The Controversial First Structural Curtain Wall

Concrete, steel and structural glass are the three core elements of the vast majority of modern buildings, and as the latter becomes increasingly sophisticated in its construction and its use, the more it is adopted by businesses to make their offices shine bright on the inside and outside.

Whilst most commonly associated with modernist office blocks from the 1930s and onward, curtain walling has been used for at least half a century before this, and whilst it is generally admired and adored now, this was far from always the case.

One of the greatest illustrations of this was Oriel Chambers in Liverpool, which was the first building to feature a glass curtain wall with metal framing.

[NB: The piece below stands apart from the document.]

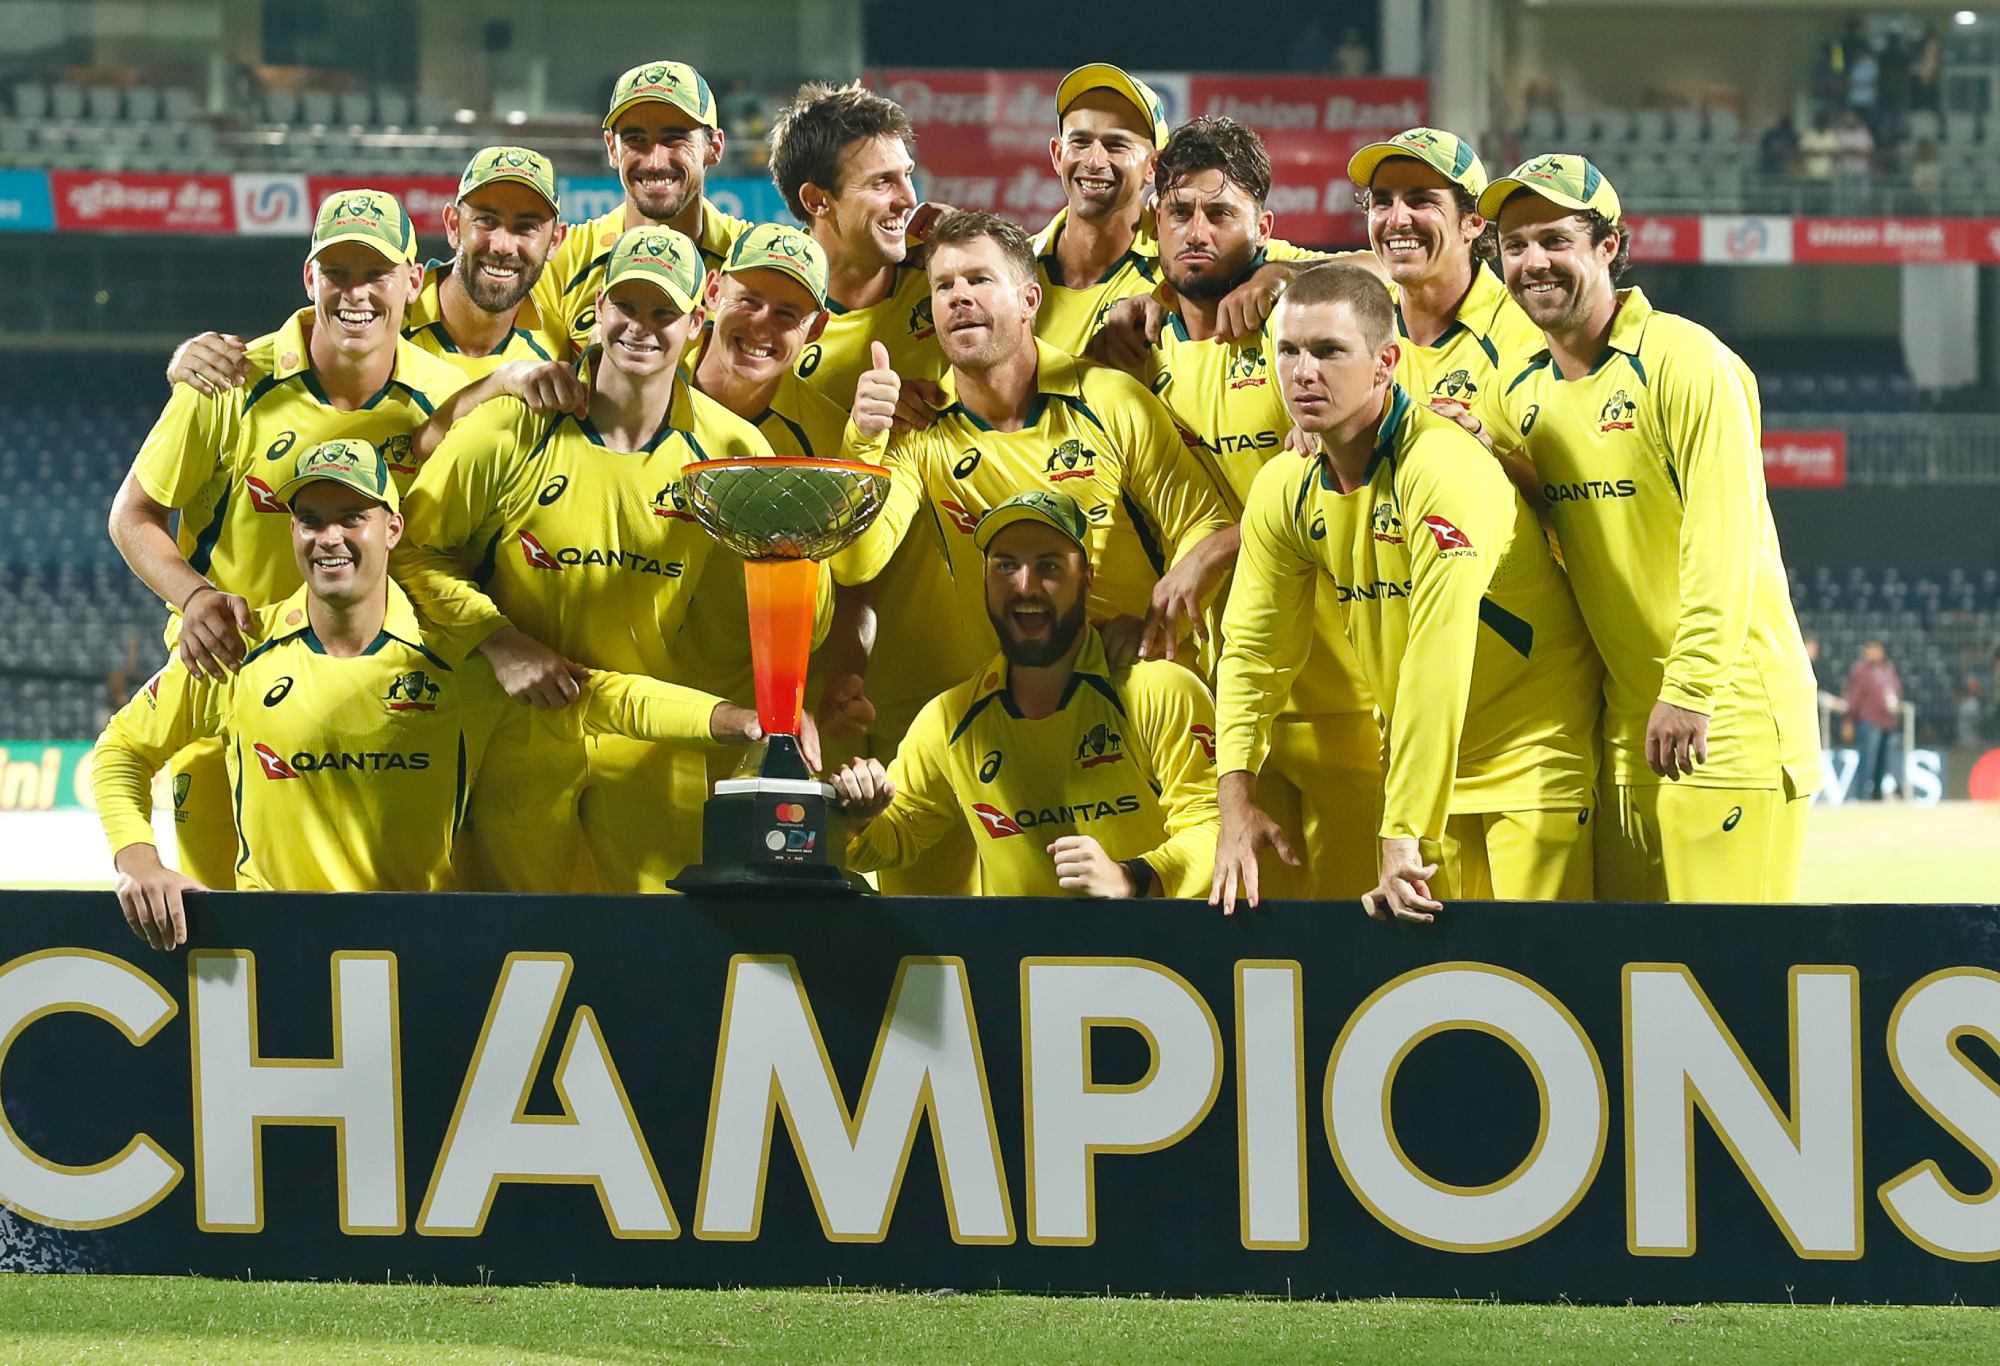 Pergantian Warner gagal, tetapi Zampa dan Agar memutar Aussies untuk meraih kemenangan seri yang menakjubkan atas India
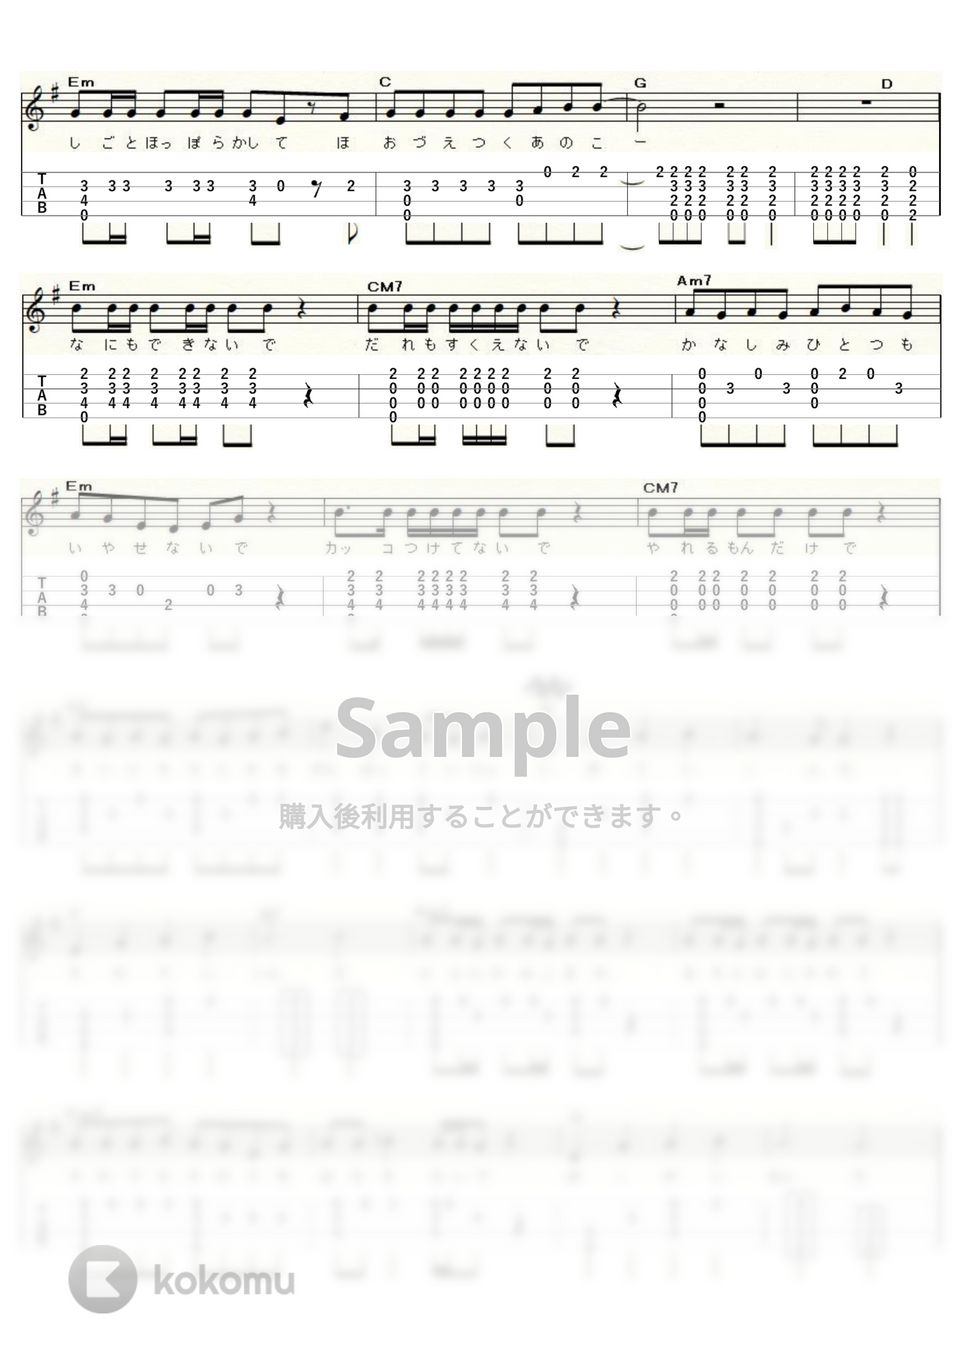 玉置浩二 - 田園 (ｳｸﾚﾚｿﾛ / High-G・Low-G / 中級～上級) by ukulelepapa

Designed by Peter Ellis and constructed in 1864, Oriel Chambers is a striking landmark that was completely at odds with the conventions of Victorian architecture, one that had only just started to see the aesthetic power of brighter, open spaces after the repeal of the Window Tax a decade prior.

Whilst not a skyscraper by modern definitions, it has since been seen as the first modernist building, and in retrospect has been acclaimed for just how forward-thinking its design was.

However, at the time, this was far from a majority view, and one of the oldest business-to-business construction magazines in Great Britain, The Builder, infamously described it as worse than “the plainest brick warehouse”.

The review of the building, published in a 20th January 1866 edition of the magazine, was brutal, describing it as “depressing were it not ludicrous”, an “agglomeration” and a building that they would have doubted would have even existed had the writer of the piece not seen it.

Much of this criticism seems somewhat shocking in hindsight, but this somewhat conservative architectural worldview was not shared by everyone.

John Wellborn Root, a pivotal member of the Chicago School of Architecture, brought curtain walling to an even bigger stage in the United States, and as the skyscraper figuratively and literally dominated architectural discussions, Peter Ellis’ progenitor has been heralded as the start of it all.